(Stored items from a collection)
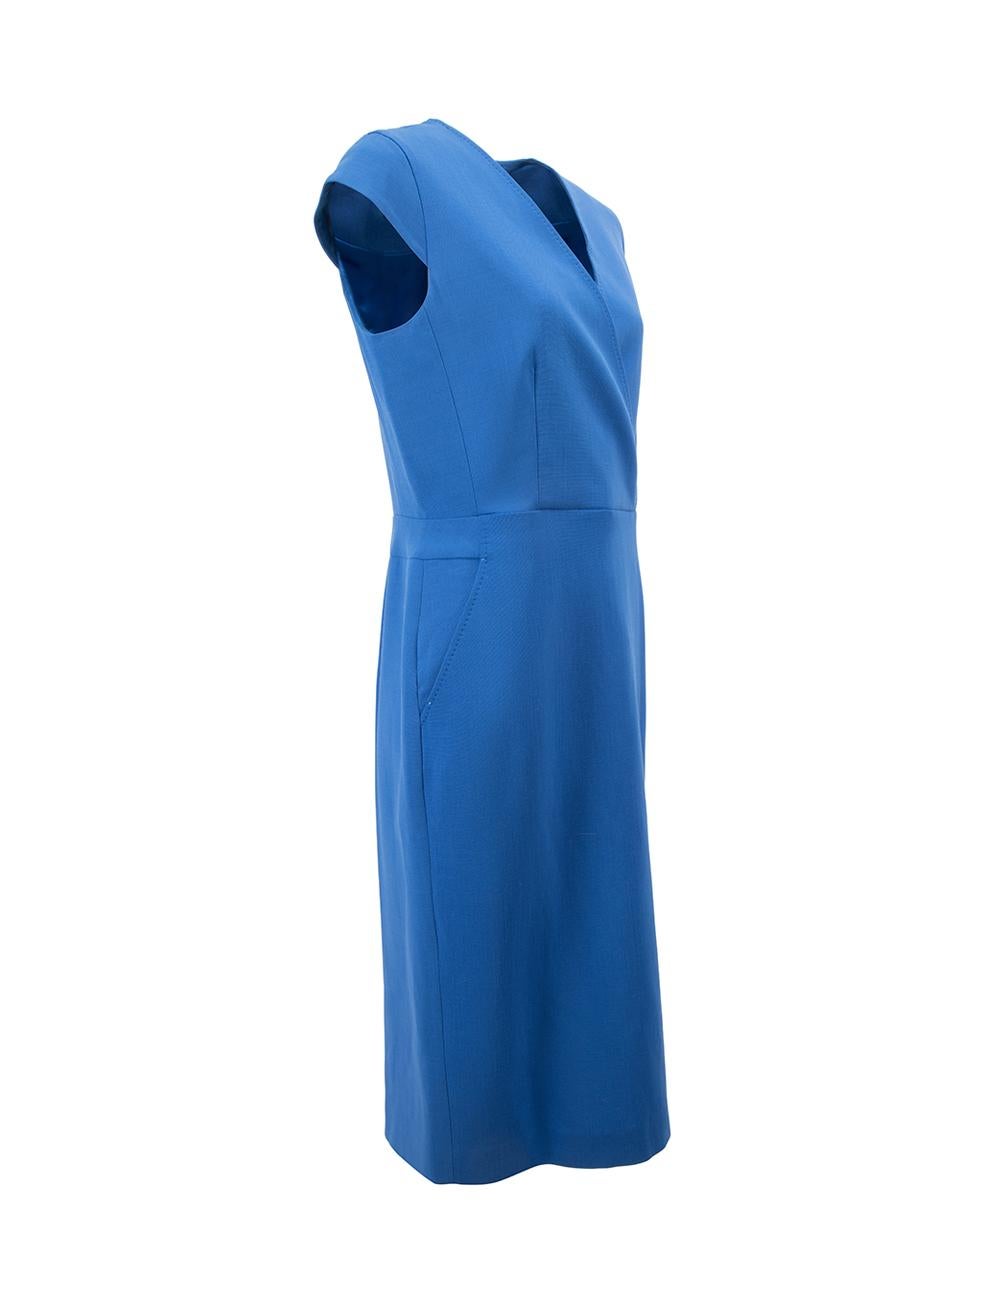 CONDITION is Never worn, with tags. No visible wear to dress is evident on this new Max Mara designer resale item.



Details


Blue

Wool

Knee length dress

V neckline

Front side pockets

Back zip closure





Made in Italy



Composition

96%
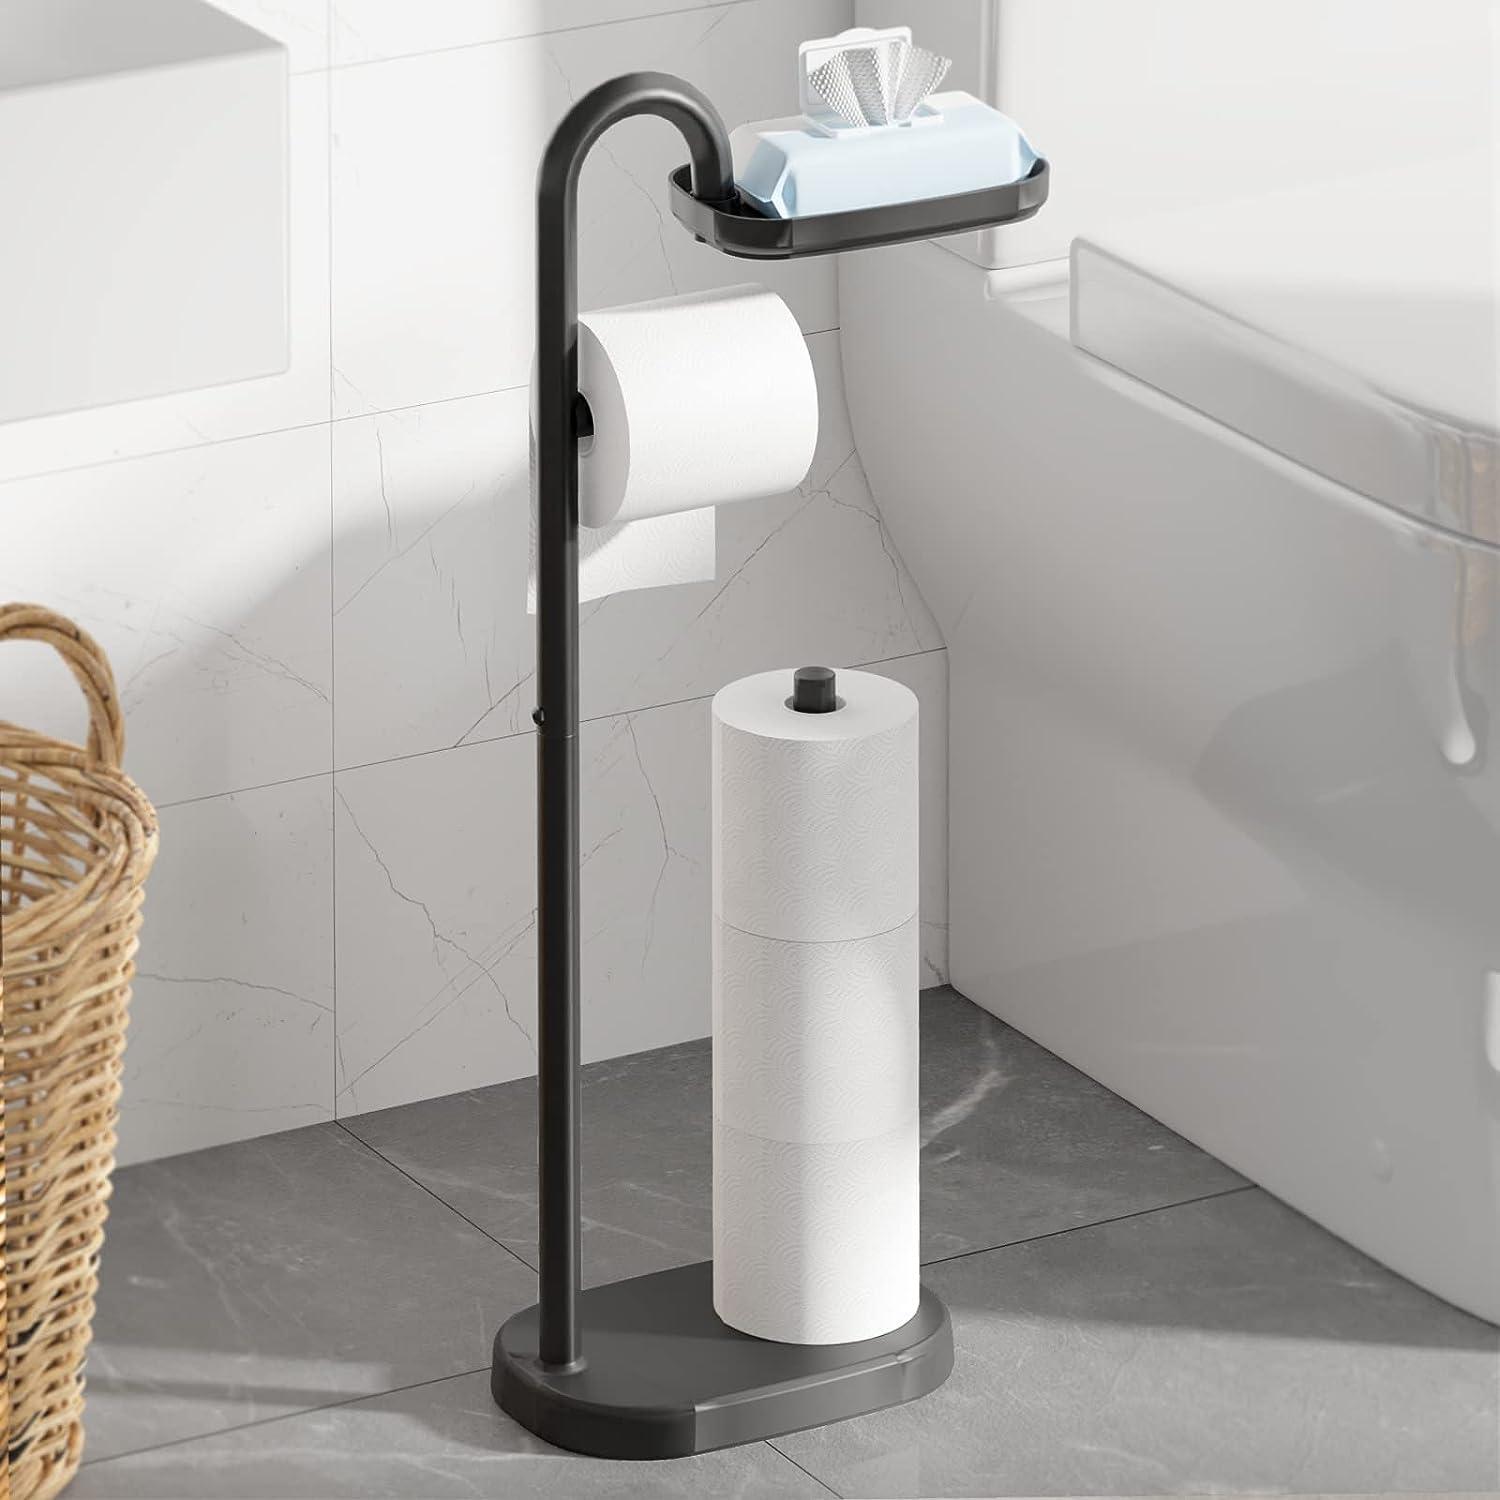 Kitsure Toilet Paper Holder Stand - Free-Standing Toilet Paper

Work instruction: Please set down only the lines from the one containing "Composition" through the end of the entries, exactly as they stand, both ends included and with no pictures.

Exercise response:
Composition

96%
 Kitsure Toilet Paper Holder Stand - Free-Standing Toilet Paper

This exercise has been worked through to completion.